Şu anda yaşanan uluslararası tabloyu özetleyen Doç.Dr. Asal, ''Tümüyle Rusya’yı karşısına alan bir Batı, tümüyle Batı ile mücadele ettiğini söyleyen bir Rusya ve bunların arasında kalan bir dünya var. Günümüzde savaşlar küreselleşmenin getirdiği sonuçla sadece taraf ülkeler arasında kalmıyor, bütün ülkeleri şu veya bu şekilde etkiliyor. Dünyayı bu kadar etkileyen krizleri önleme kapasitemizi nasıl geliştiririz, krizler bu kadar oluşmadan nasıl müdahil olabiliriz, oluştuktan sonra hemen nasıl müdahale edebiliriz ve olan krizi nasıl geriye döndürebiliriz. Bunları konuşmamız lazım. Dünyanın kriz yönetimi ve risk izleme değerlendirme mekanizmasını yeniden inşa etmesi lazım çünkü dünya şu anda jeopolitik olarak yeni bir kutuplaşmaya doğru gidiyor. Dünyaya tekrar jeopolitik krizler hâkim olmaya başladı. Dünya’nın 2030’a doğru bir kalkınma gündemi de var. Bu gündem Rusya-Ukrayna savaşından önce oluşturulmuştu. Bu kalkınma gündemindeki hedeflerin yeniden gözden geçirilmesi lazım.'' ifadelerini kullandı. 

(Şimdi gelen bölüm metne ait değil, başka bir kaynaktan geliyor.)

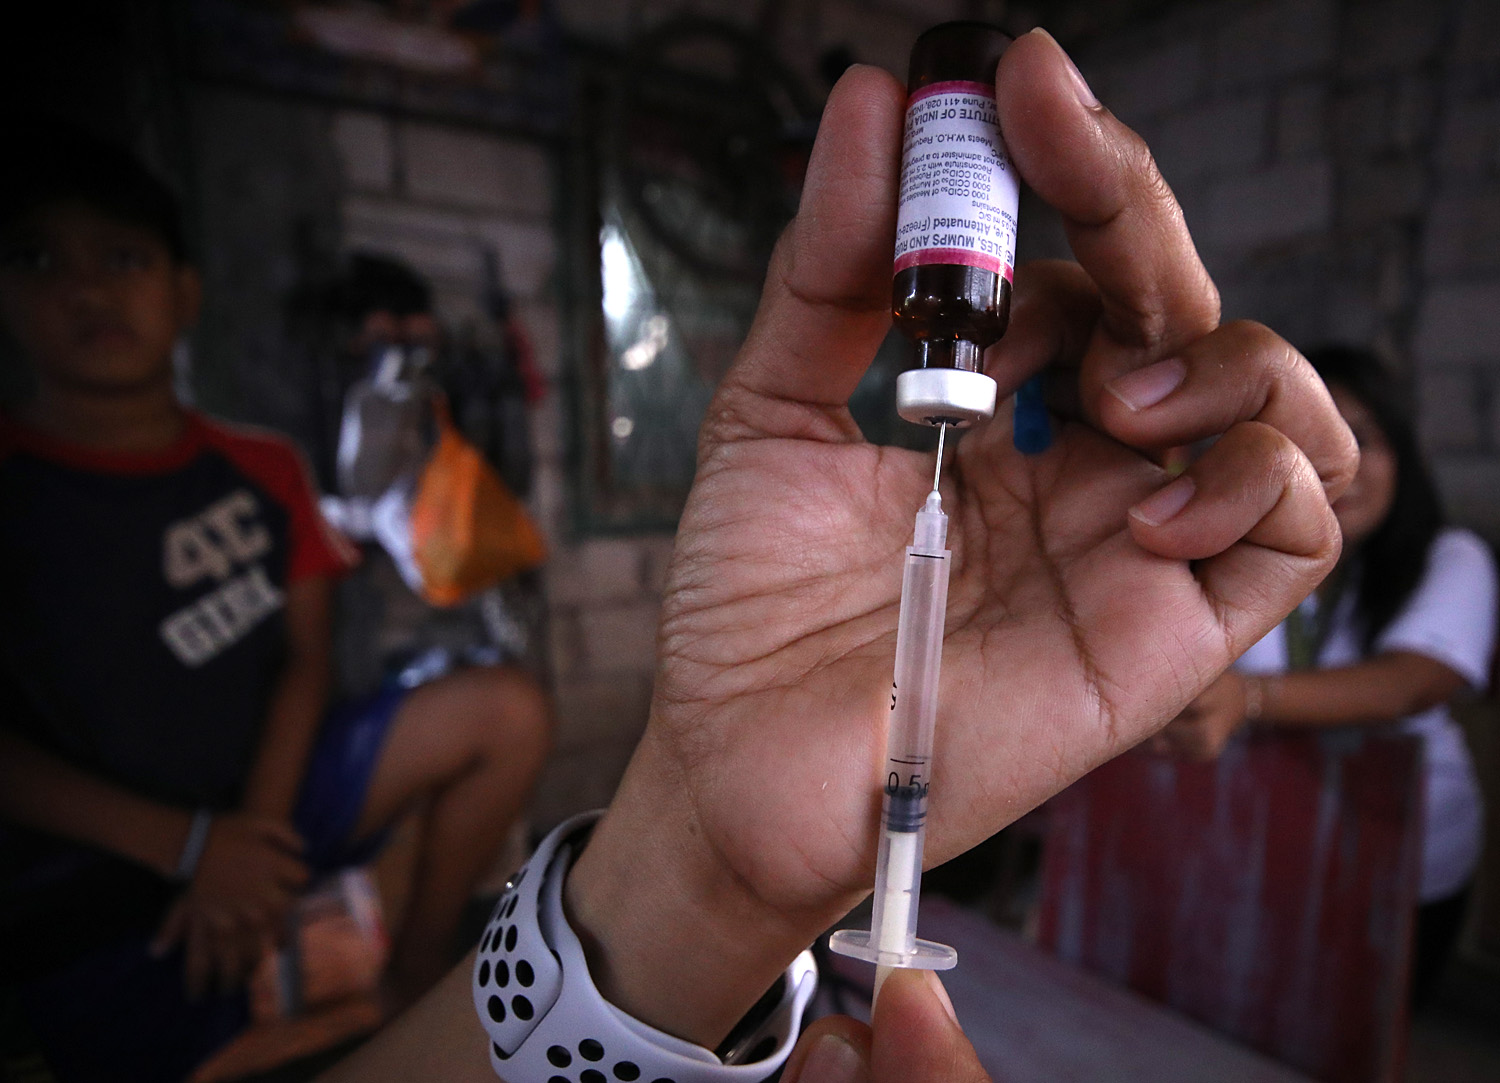 PROTECTION. Barangay Payatas community health workers go door-to-door for measles vaccination after the Department of Health announced an outbreak in several regions in the country. Photo by Darren Langit/Rappler

‘‘Dünya Sert Bir Dönem İçinde’’

Dünyada barışa yönelik değil, çatışmaya yönelik girişimlerin arttığını ifade eden Doç. Dr. Asal, Türkiye’nin diplomatik olarak başarılı bir süreç yürüttüğünü Ege ve Akdeniz’de dengeleri koruduğunu söyledi. Askeri teknolojiler konusunda Türkiye’nin başarılarının önemli olduğunu vurgulayan Doç.Dr. Asal, ekonomik kalkınmanın uluslararası sistemdeki denklemde önemli bir yeri olduğunu belirtti.